Constraining DSFG Multiplicity and Clustering with Comparisons of Empirical Submillimeter Map Models

DSFG multiplicity, the spatial blending of sources' flux densities due to the low spatial resolution of FIR/submm maps, can be attributed to chance projections of sources, physically associated sources, or a combination of both. If DSFG multiplicity is predominantly due to chance projections of sources along the line of sight as opposed to physically associated sources, this effect would impact our interpretation of DSFG evolution. In particular, cosmological simulations struggle to reproduce DSFGs as single bright sources; a significant population of DSFG multiples would ease tension between cosmological predictions and DSFG observations, as each DSFG would have an effectively lower SFR (e.g. Hayward et al. 2013). The goal of this project is to compare results of predictive empirical models of (sub)millimeter emission across the literature to constrain the role of chance projections of physically unassociated sources with simulated data. Specifically, we compare mock output of the models of Casey et al. 2018a,b -- which is an empirical model of the (sub)mm sky which does not account for cosmological clustering but allows for variable histories of obscured cosmic star formation -- with the SIDES model described by Bethermin et al. 2017 who account for cosmological clustering yet only one possible history of obscured cosmic star-formation at early times.

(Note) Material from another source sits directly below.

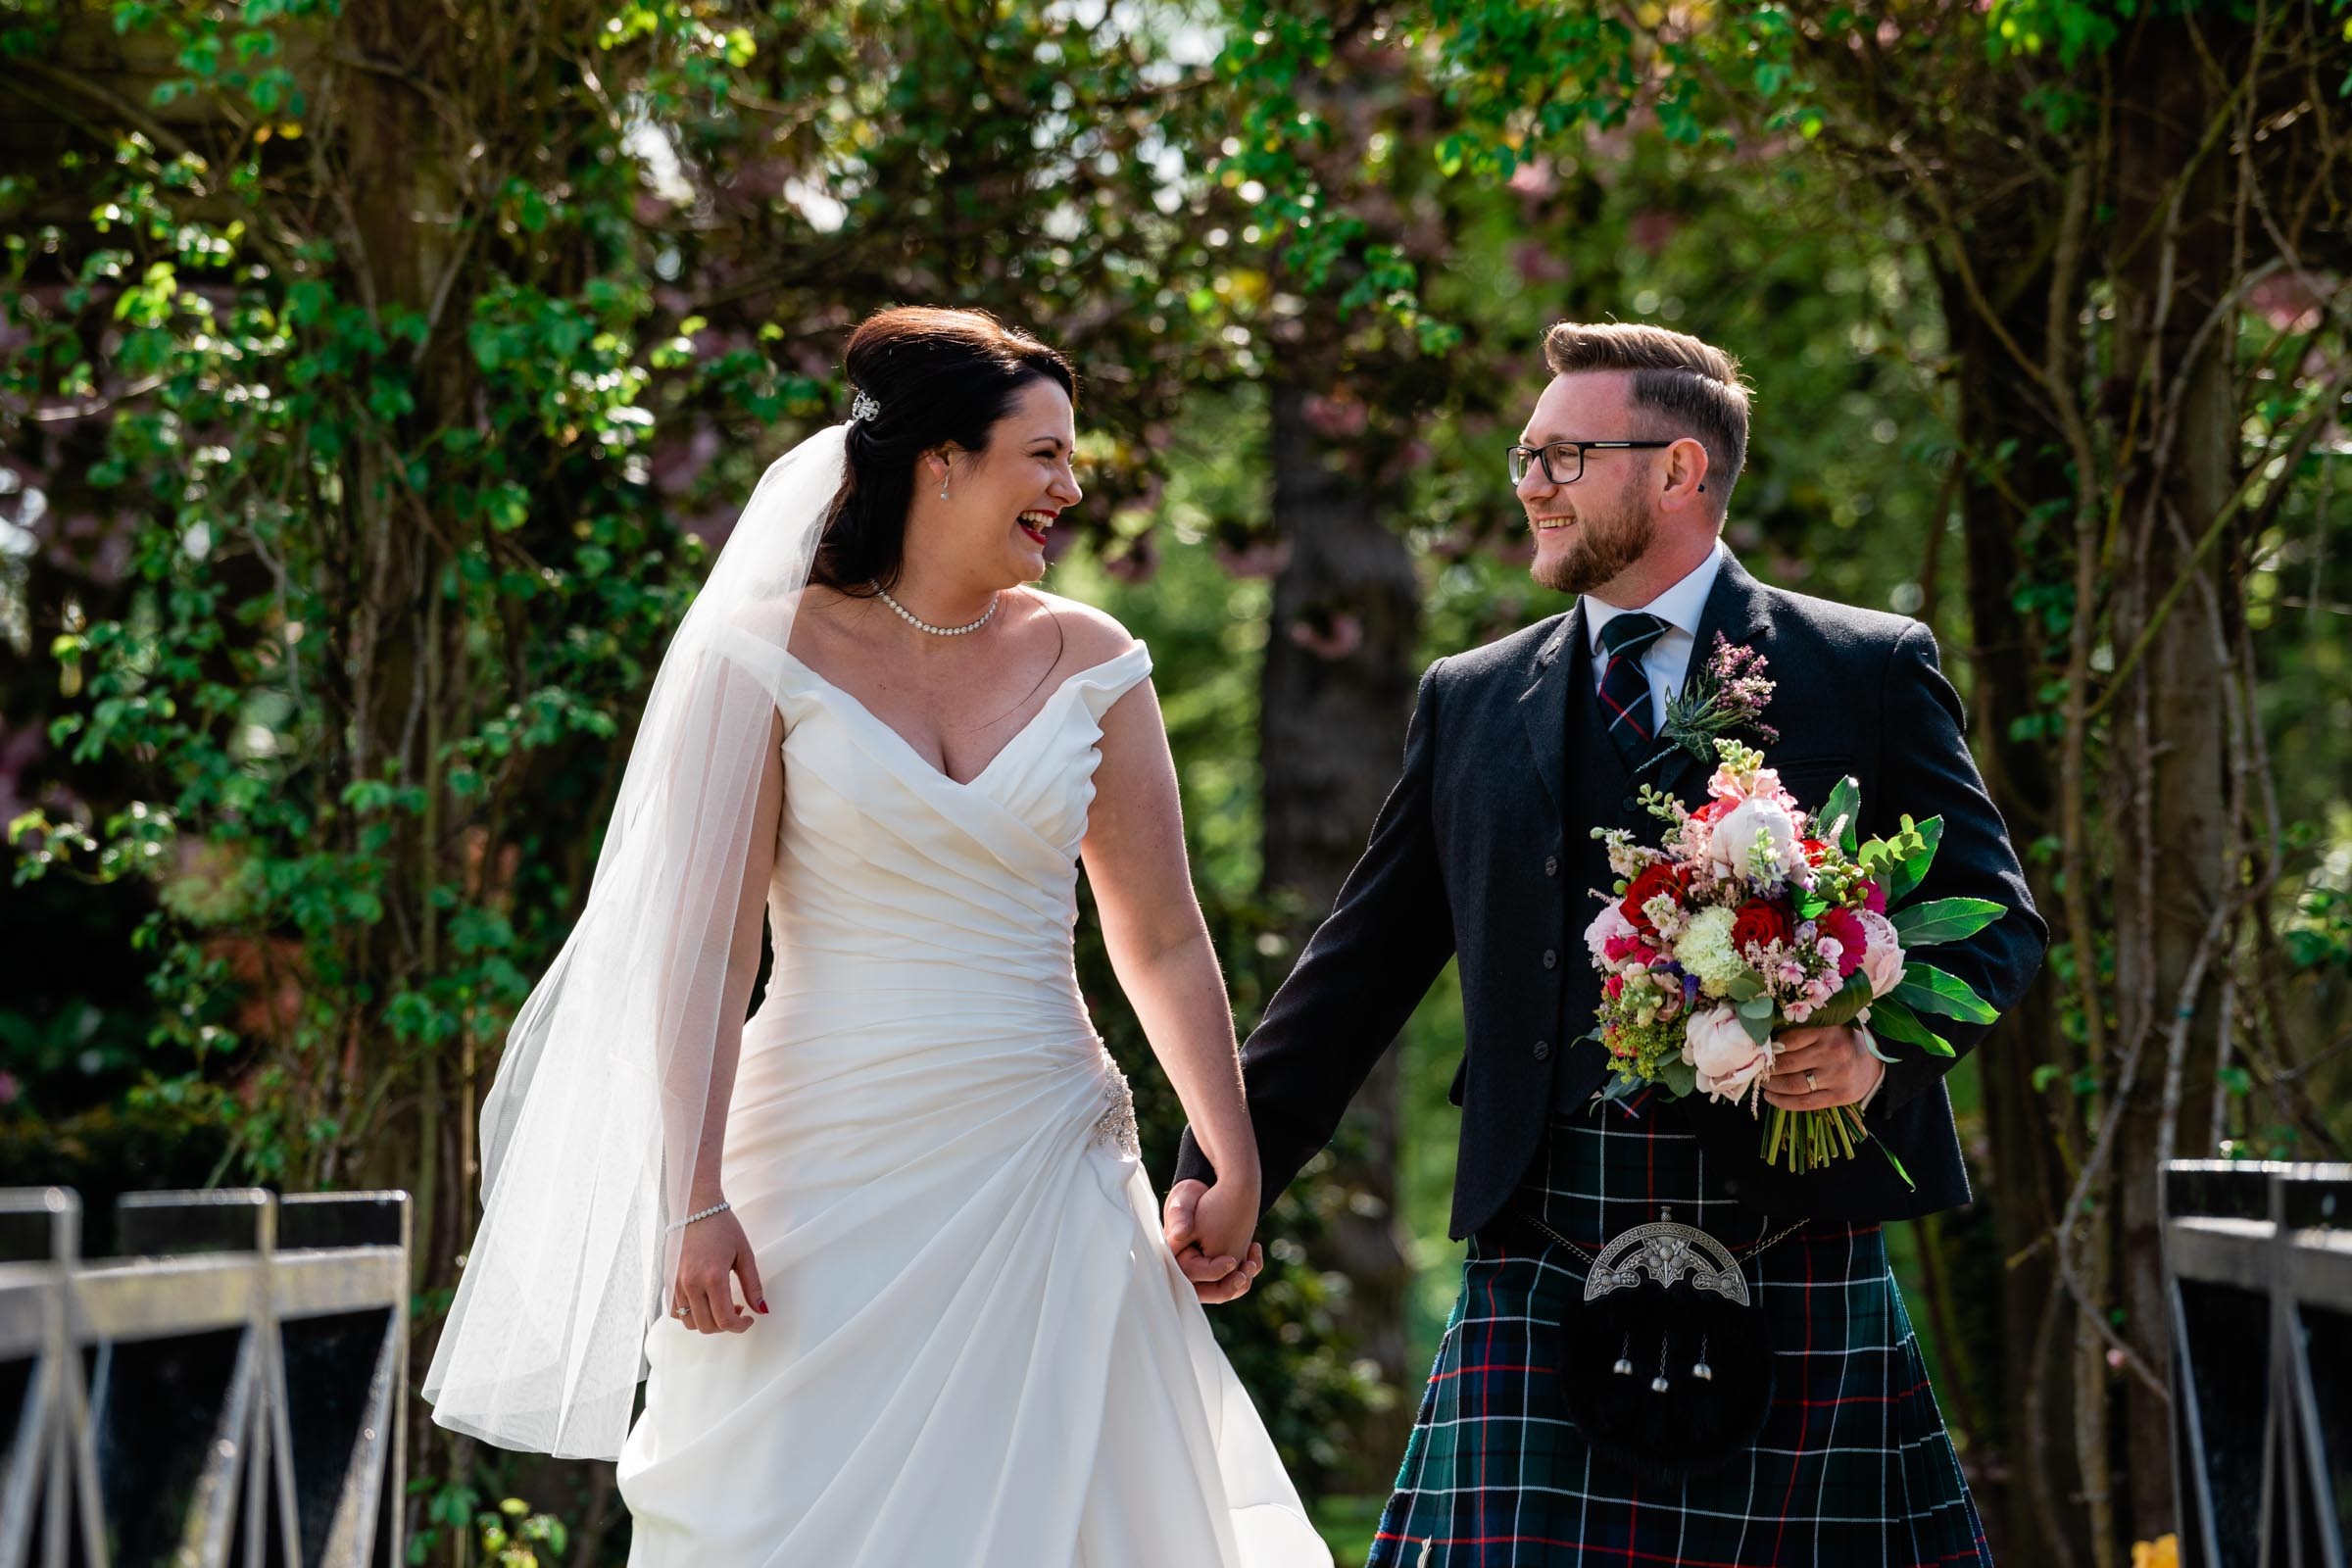 western-house-hotel-ayrshire-wedding-dearlyphotography (16 of 19).jpg

Our results indicate that the high single-dish flux density sources across all submm/mm wavebands can be mostly (>70%) attributed to a single bright source, whereas lower flux density sources are statistically more likely to be a compilation of several lower flux density sources. We recover the same multiplicity fraction in both the Casey et al. and Bethermin et al. models, despite the difference in clustering prescriptions between them; thus we conclude that the cause of DSFG multiplicity (line-of-sight projection or physical associated pairs) is not directly constrainable through empirical models alone.